Rudersdorf

Erstellt am 30. Januar 2019, 06:30

von Carina Fenz

S7: Tourismus als großer Profiteur. Bis 2023 soll das Herzstück der neuen Schnellstraße fertig sein. Die Bauarbeiten bescheren der Region einen Aufschwung.

Prominent vertreten. Mit einer Tunnelanschlagsfeier erfolgte am Samstag der offizielle Start für den Bau des drei Kilometer langen Tunnels Rudersdorf.  |  BVZ

Am Samstag erfolgte der offizielle Start für den Bau des drei Kilometer langen Tunnels in Rudersdorf, übrigens der erste Tunnel im Burgenland. In den kommenden fünf Jahren wird östlich der burgenländischen Gemeinde Rudersdorf das Herzstück der neuen S7 errichtet. Die Herausforderung für die Experten der ASFINAG und die beauftragten Unternehmen ist dabei eine große. Der Bau des Tunnels, der über 1,1 Kilometer im Freiland (offene Bauweise) und über 1,9 Kilometer in geschlossener Bauweise errichtet wird, ist aufgrund der geologischen Verhältnisse besonders schwierig. Bis Ende 2023 wird der Tunnel Rudersdorf aber so wie die gesamte fast 29 Kilometer lange Fürstenfelder Schnellstraße fertig gestellt sein. Die ASFINAG investiert in die neue S7 insgesamt knapp 700 Millionen Euro. Der Tunnel Rudersdorf ist dabei der größte Einzelauftrag — etwa 160 Millionen Euro werden in den drei Kilometer Tunnel plus die anschließende Wanne Ost und die Tunnel-Betriebszentrale investiert.

Für die Region bedeutet die neue Lebensader viel. Vor allem erwartet man sich eine Entlastung der Gemeinden und der Bevölkerung vom Durchzugsverkehr. Durchschnittlich fahren derzeit täglich bis zu 20.000 Fahrzeuge durch die Ortschaften entlang der künftigen S7. Laut Prognose wird der Verkehr bis 2025 auf bis zu 29.000 Fahrzeuge pro Tag ansteigen. „Mit der neuen Schnellstraße sind es nur noch etwa 6.000 Fahrzeuge“, erwarten die Experten. „Die Verlagerung des Verkehrs auf die Schnellstraße bedeutet auch eine deutliche Erhöhung der Verkehrssicherheit für die Verkehrsteilnehmer und die Bevölkerung“, freuen sich die Bürgermeister der Region.
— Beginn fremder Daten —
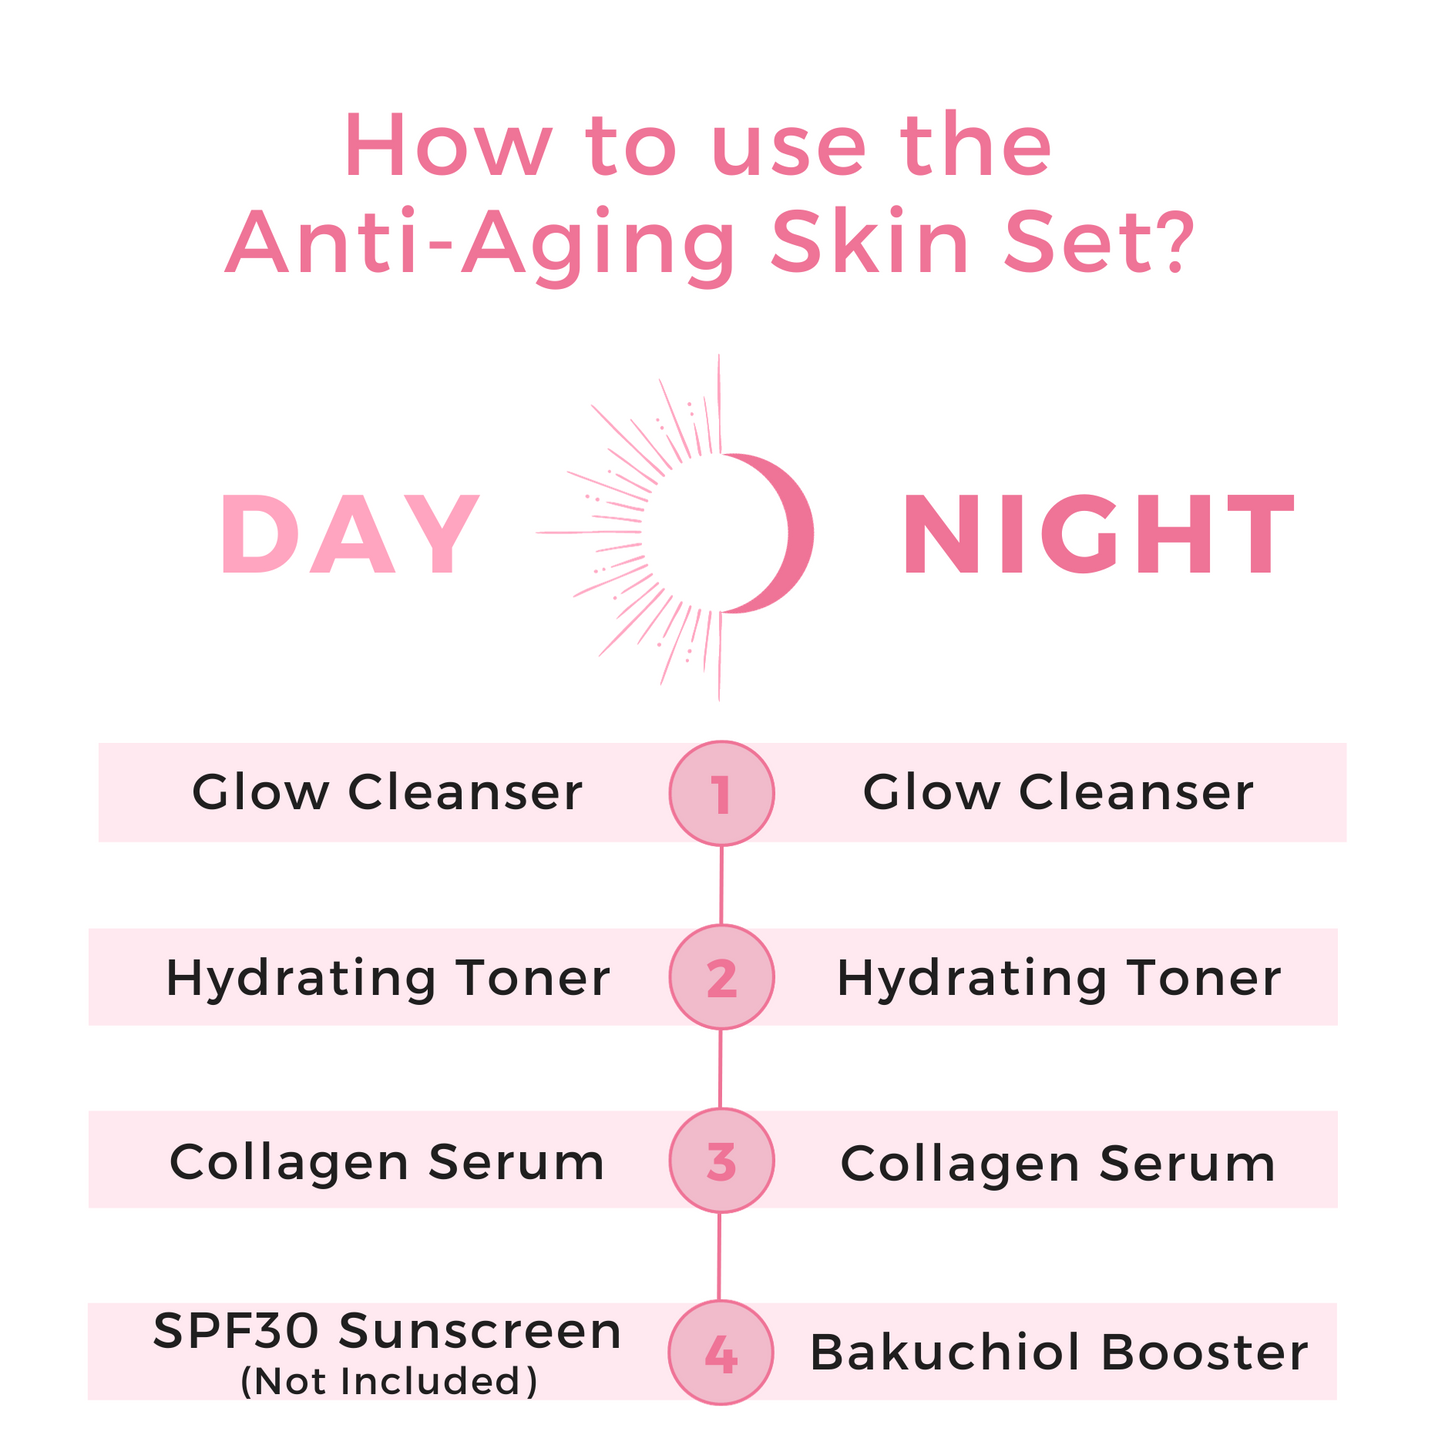 Anti-Aging Skin Set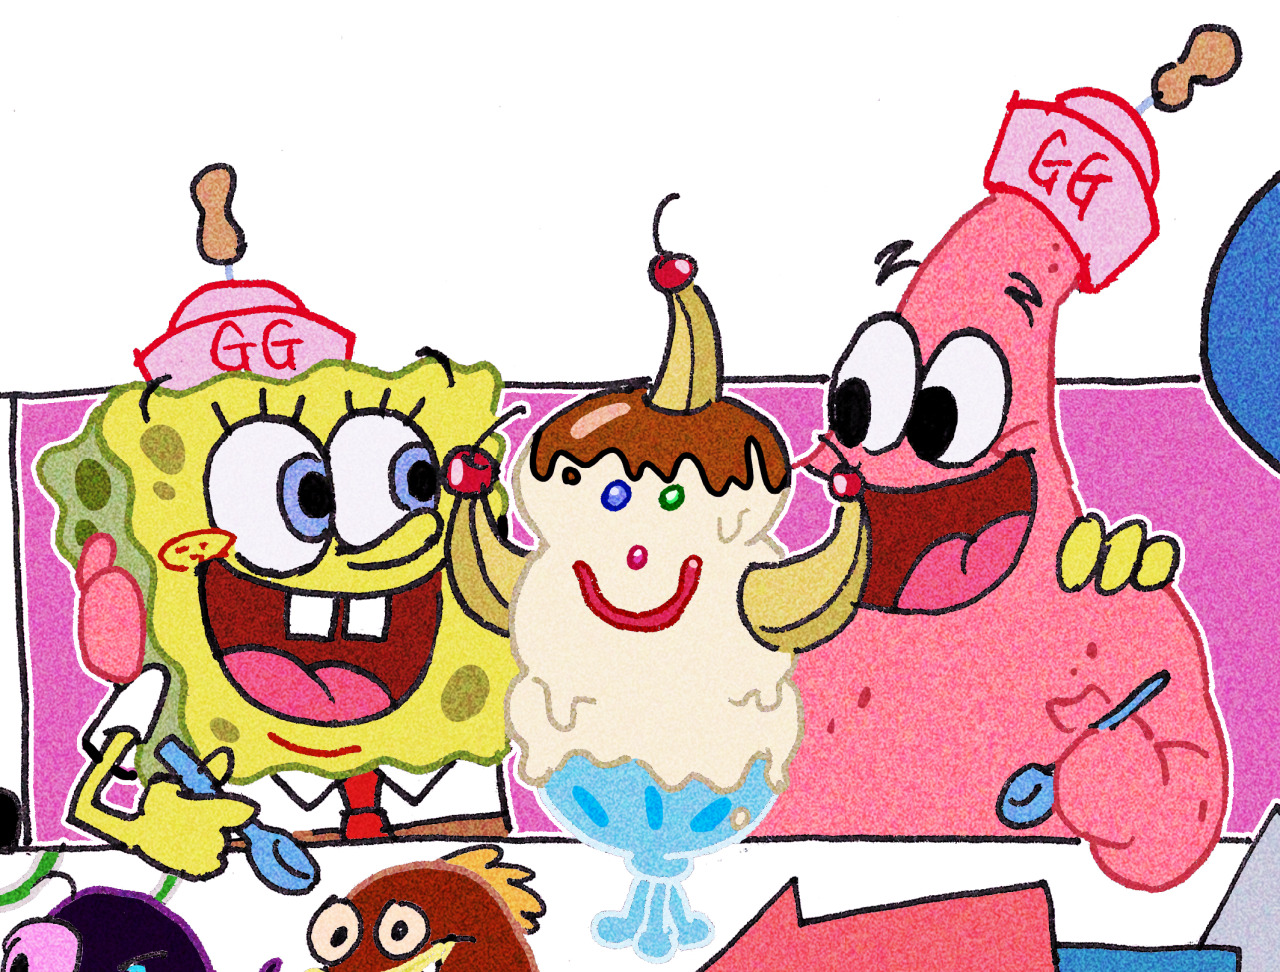 SpongeBob movie 1 doodles #doodle#fanart#myart#spongebob#spongebob squarepants#nickelodeon#nicktoon#movie#movie 1#spongebob movie#cartoon

Mit dem Tunnel Rudersdorf sind damit drei wesentliche Teile der S 7 in Bau. Großen Wert legt die ASFINAG im Zuge der Errichtung der Schnellstraße auf ausreichende Ausgleichsmaßnahmen für Flora und Fauna (siehe Infobox links).

Die Baustraße für die S 7 war das erste große Baulos, das die ASFINAG im Dezember 2017 begonnen hat. Auf dieser Baustraße wird der Großteil des Baustellenverkehrs abgewickelt. Sie konnte nach einer Bauzeit von elf Monaten Mitte November 2018 fertiggestellt werden. Dieser Auftrag bedeutete bereits eine Investition von sieben Millionen Euro.

 S7: Tourismus und Wirtschaft profitieren

 Obwohl die Bauarbeiten auf burgenländischer Seite der S7 erst in den nächsten Monaten sichtbar sein werden, merken Wirtschaft und Tourismus einen Aufschwung. Vor allem der Businesspark Heiligenkreuz wird von vielen Unternehmen als profitabler Standort ins Auge genommen. Aktuell sind 16 Unternehmen angesiedelt, die für 436 Arbeitsplätze sorgen. „Immer mehr Unternehmer zeigen Interesse an einem Standort im Businesspark. Die Trasse der S7 verläuft nämlich nur wenige hundert Meter entfernt vom Park und eine eigene Zufahrt bedeutet eine optimale Anbindung zu den Gewerbebetrieben. Durch die leistungsfähige Verkehrsverbindung wird die wirtschaftliche Entwicklung der Region äußerst positiv beeinflusst. Ebenso plant die ASFINAG einen Lkw-Stellplatz in Grenznähe“, freut sich Wirtschaftslandesrat Alexander Petschnig.

Auch auf touristischer Seite kann man bereits jetzt Positives berichten. „Wir haben sehr viele Anfragen von Unternehmen, die Quartiere für die Arbeiter suchen. Vor allem für die privaten Zimmervermieter ist das enorm wichtig. Wir erwarten, dass die Auslastung dadurch für einen längeren Zeitraum — Bauzeit ist bis 2023 — sehr hoch ist“, erklärt Tourismusobmann Herbert Krbeczek. Einige Zimmervermieter sind bereits jetzt für die nächsten Jahre voll ausgelastet.